In V2, I included lines that had non-ASCII characters. This opens up the entire non-American English speaking world of passwords! I also decided not to remove blankspace characters - on the whole. These characters were rare enough to leave in without causing a flood of duplicates.
In some files, a blankspace character was at the end of every line. In these cases, I would remove the final blankspace character from all lines. However, some files did not have consistency when it came to beginning or ending with blankspace characters. In this instance, I would leave them in place, since I had reason to believe the blankspaces were part of the data.
Analysis and Hashcat Rules
While I haven't visualized them yet, I included mask analysis for the files in this release. These have been ranked in order of popularity.

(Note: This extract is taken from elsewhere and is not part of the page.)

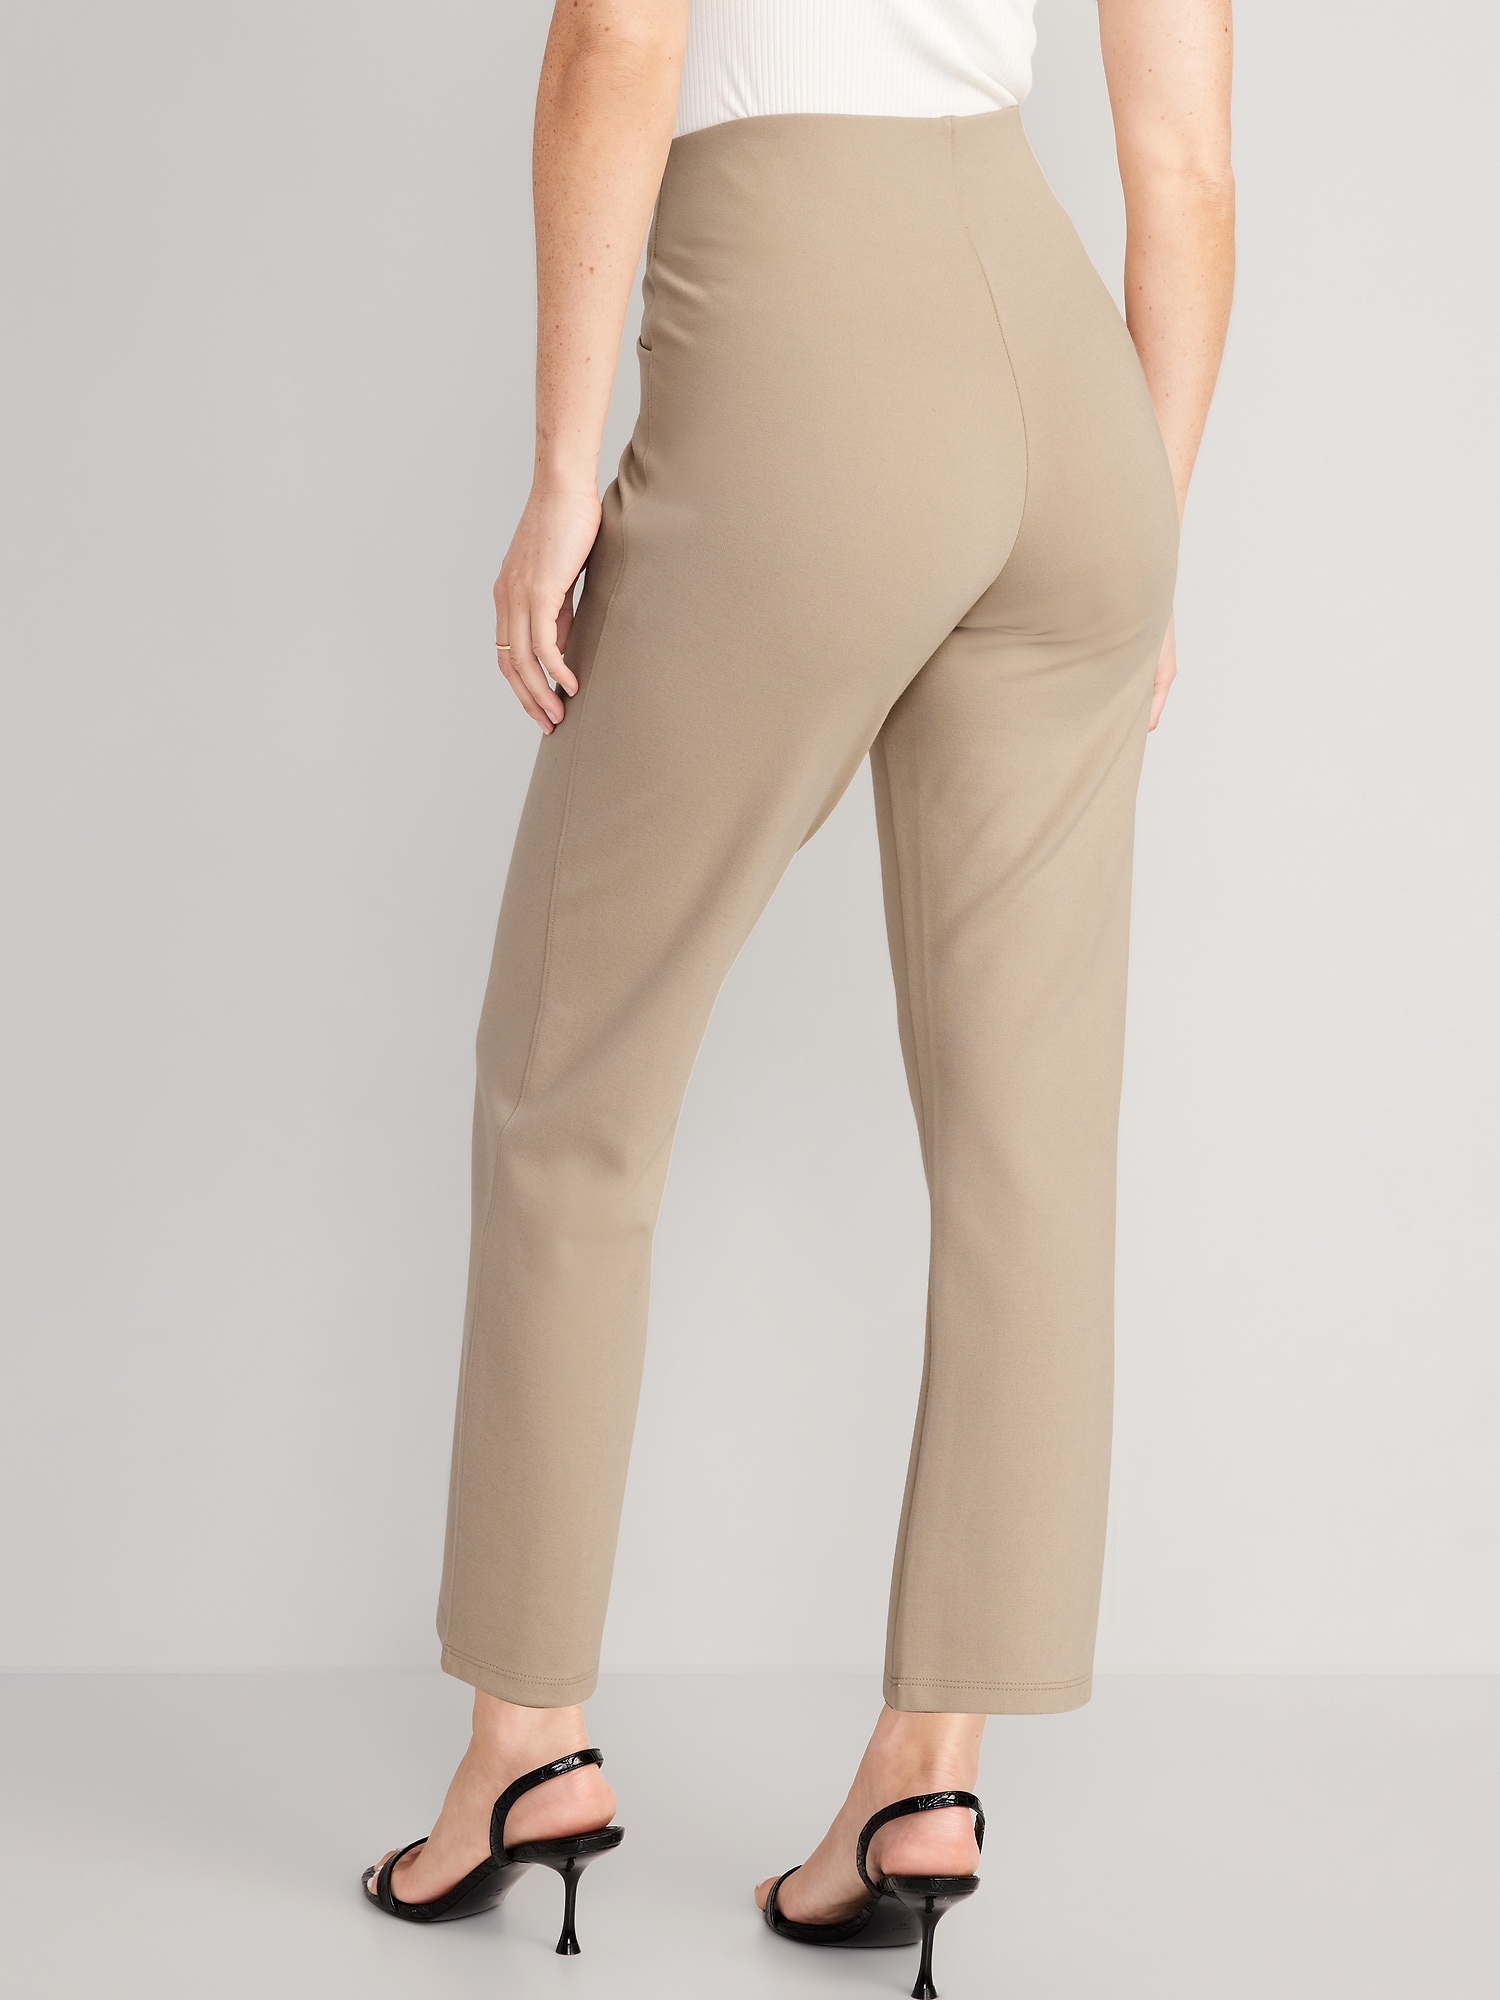 Women's Straight Leg Beige Dressy Pants - Formal Beige Careerwear Pants –  Moda Xpress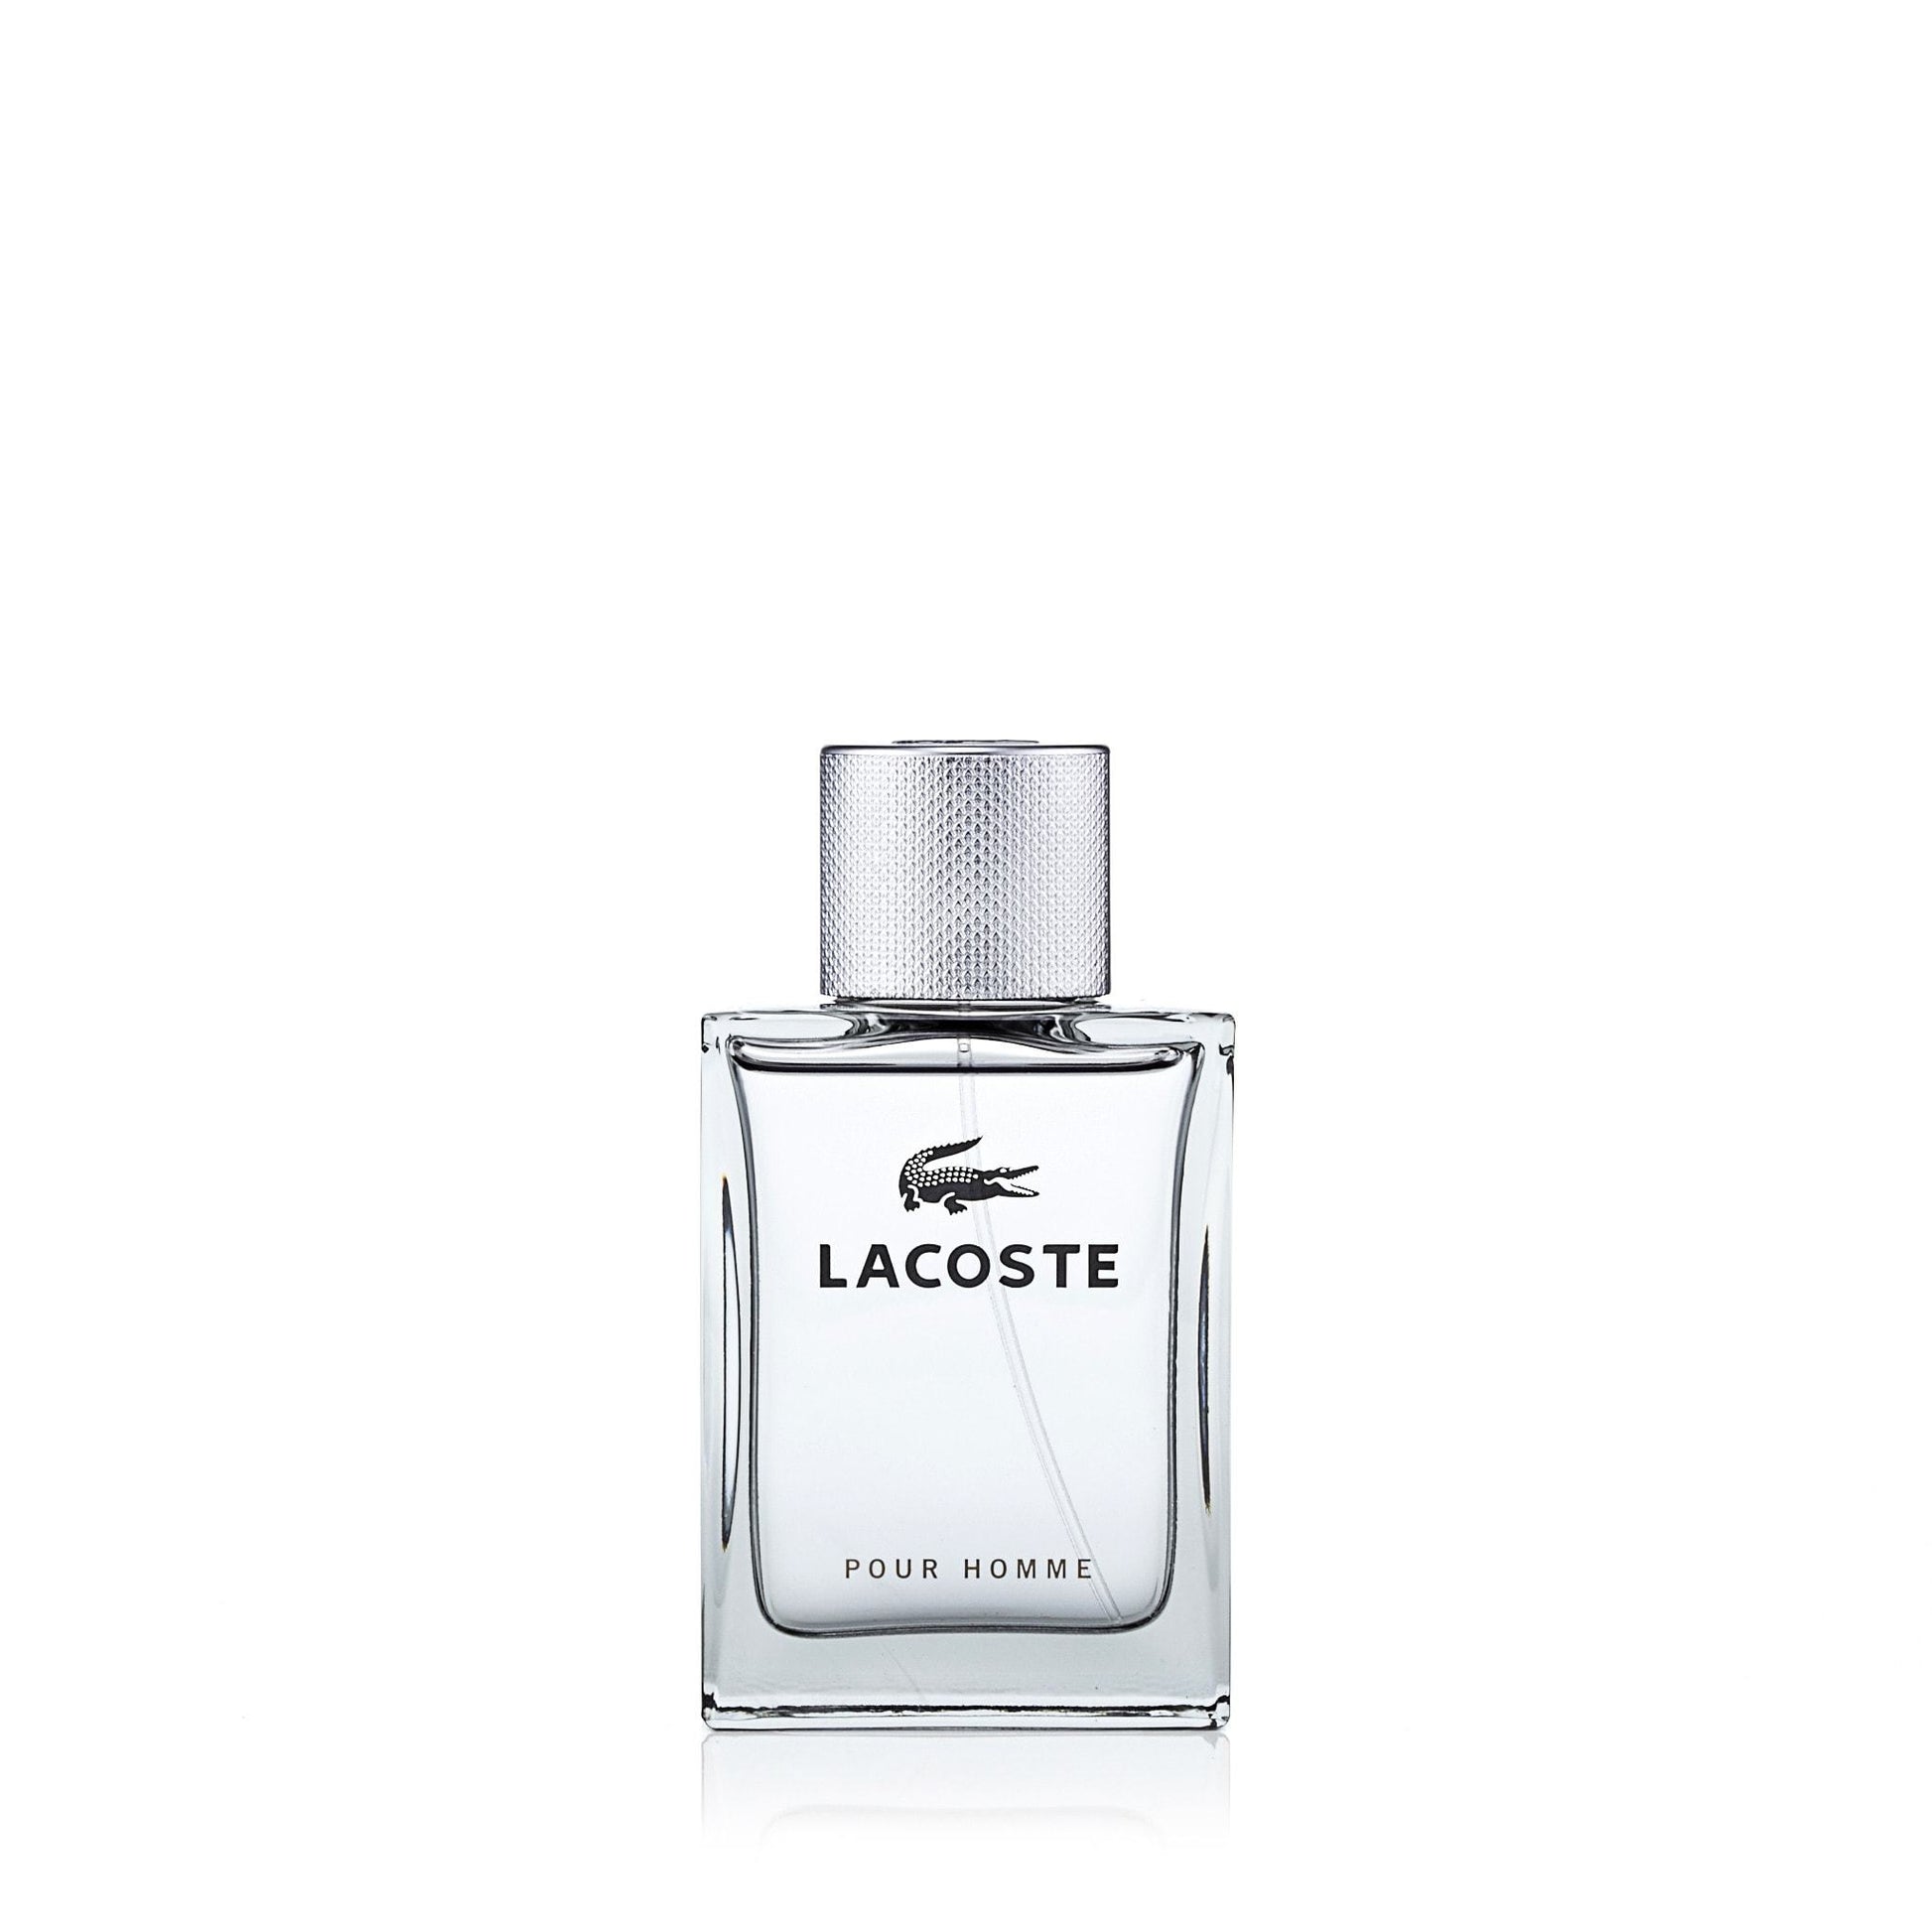 Lacoste Pour Homme Eau de Toilette Spray for Men by Lacoste, Product image 2

I have also included HashCat rulesets, also in order of popularity.
Closed Issues
- Provide Password Occurrences - this was for the purpose of mask/rule generation. I have simply provided the rules and masks.
- Wordlists Don't Contain Non-ASCII Characters - they do now!
- Rev 2 isn't released yet - If you're reading this, it is!
- Duplicate Entries Found on WPA Lists - Avoided from the beginning, barring the potentials related to blankspace characters address above
Outstanding/New Issues
- List not filtered properly (maybe.) - had to make a judgement call here to err on the side of inclusivity.
- Some duplicates may appear due to newlines - another judgement call
- In Compressed versions, Top1575-probable-v2.txt is named Top1575-probable2.tx - just a file's name. No big deal.